GEORG PHILIPP TELEMANN - Sonatas for Violin & Harpsichord - Dorian Komanoff Bandy (Violin) - Paul Cienniwa (Harpsichord) - 687606010826 - Released: October 2018 - Whaling City Sound WCS108
Sonata no. 1 in G minor, TWV 41:g1
Sonata no. 2 in D major, TWV 41:D1
Sonata no. 3 in B minor, TWV 41:h1
Sonata no. 4 in G major, TWV 41:G1
Sonata no. 5 in A minor, TWV 41:a1
Sonata no. 6 in A major, TWV 41:A1
Sonata in F-sharp minor, TWV 41:fis2 (World Première Recording)
German musician and composer Georg Philipp Telemann (1681-1767) was an exact contemporary of Johann Sebastian Bach (born only 4 years later), held many important posts throughout the country as Kapellmeister and Konzertmeister, and equally as prolific as his counterpart, wrote operas, oratorios, multiple church cantatas, music for ceremonial occasions, orchestral works and an abundance of chamber music, which includes these Sonatas for Violin and Harpsichord from 1715. And yet performances or recordings of his music have always been greatly outnumbered by Bach, and I personally fail to understand the reason why, other than shifting and influential public opinion and tastes. Although to me it feels as if his focus when writing music was, somewhat like Vivaldi, on the instrument's potential and the musician's capabilities, rather than innovation and expansion of the music itself.
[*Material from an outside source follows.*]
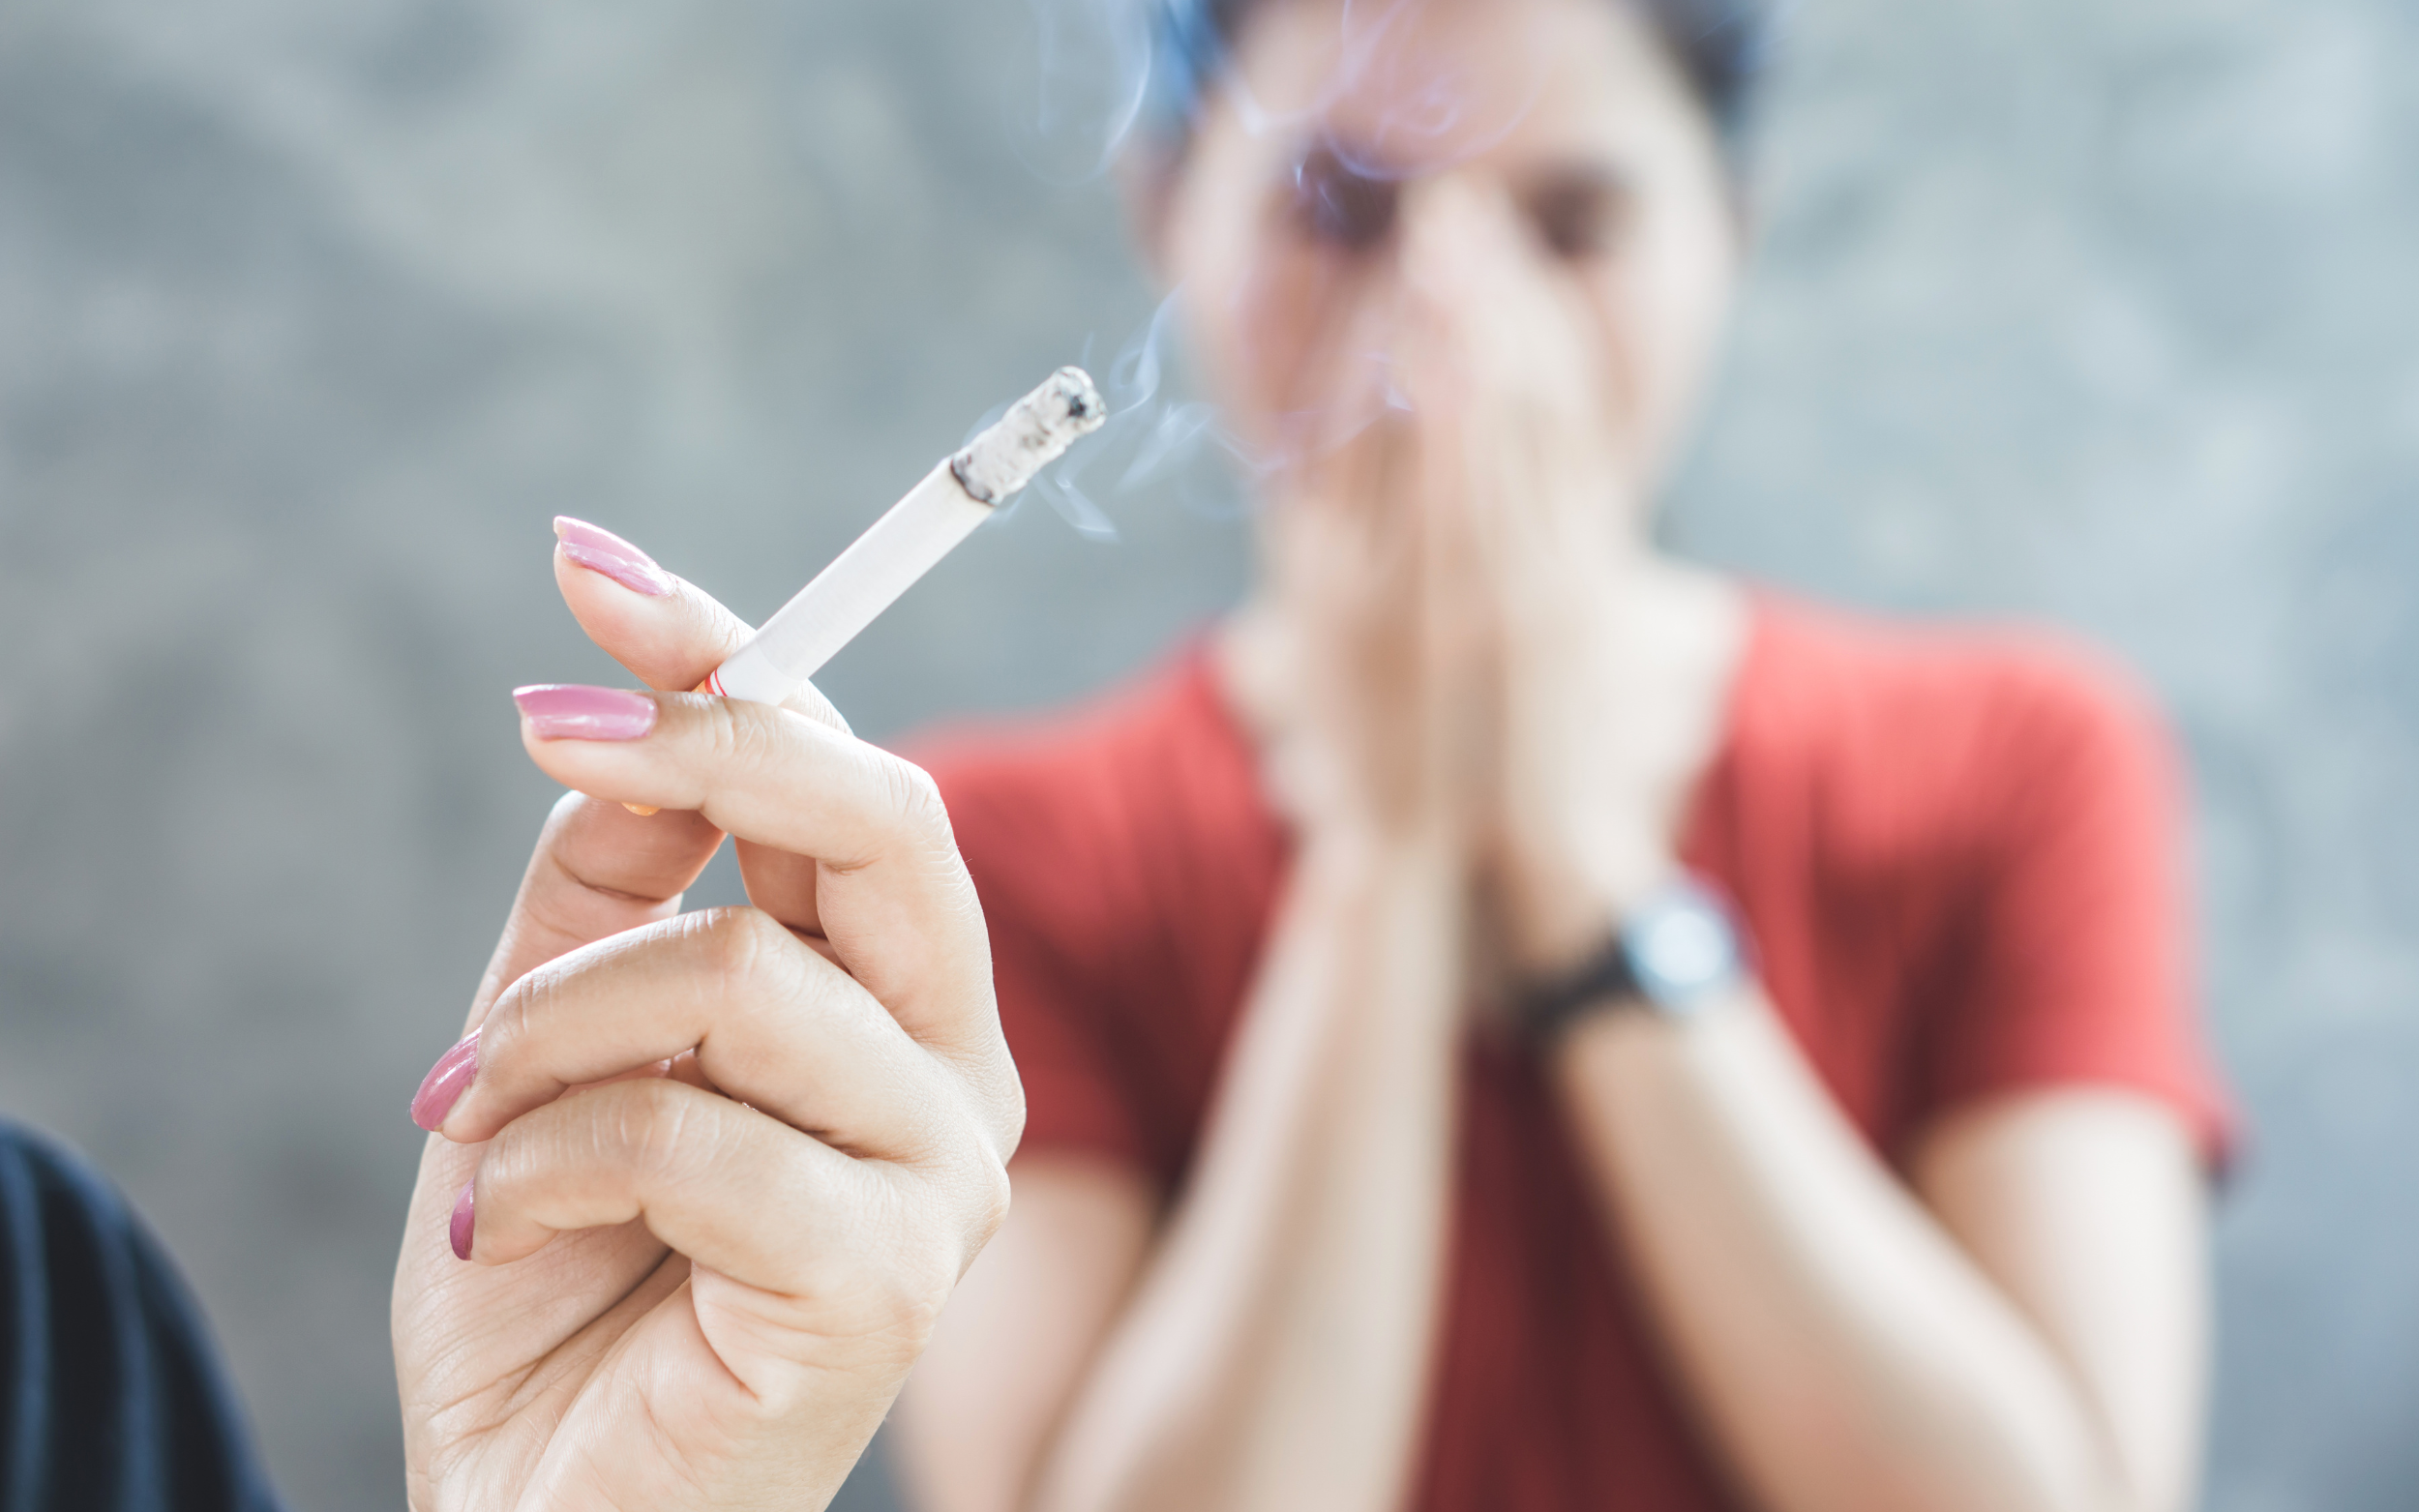 A woman holding a lit cigarette with someone in the background holding their hands over their face

This new recording comes to us from an unusual provenance. It is on a small independent label based in Dartmouth Massachusetts, called Whaling City Sound, and this particular release is part of their Balaena Chamber Series of which there seems to be only three so far, since the label's specialty is jazz. But whatever the source this is a welcome release since very few recordings of these intimate works by Telemann are available today. Violinist Dorian Komanoff Bandylends the proper level of expressive weight to the slow movements and technical élan to the faster movements, and a general sylvan charm to everything as a whole. Harpsichordist Paul Cienniwa's tempos are always impeccably in sync with Bandy's rubato, and the dynamic balance between the two could not be better, with the baroque violin slightly closer. And I'm not sure if there are various editions of these pieces, but I've noticed that Cienniwa's playing is far less ornamented than some which is a good thing, as too many embellishments at the keyboard draw focus away from the violin. And the inclusion of the Sonata in F-sharp minor, unpublished in his lifetime, should entice the diehard Baroque collectors out there to give this recording a listen. The booklet notes specify that "its title page is signed George Melante,Telemann's nearly-anagrammatic pseudonym". Keeping in mind that harmony and tonality were still works in progress at the time, was it possibly discarded because Telemann had started experimenting with different modes and keys, and didn't quite like the F-sharp minor results?
Recorded, mixed and mastered in high-resolution at WGBH Studios in Boston, the audio sits you at just the right distance from the instruments, and projects a tight soundstage.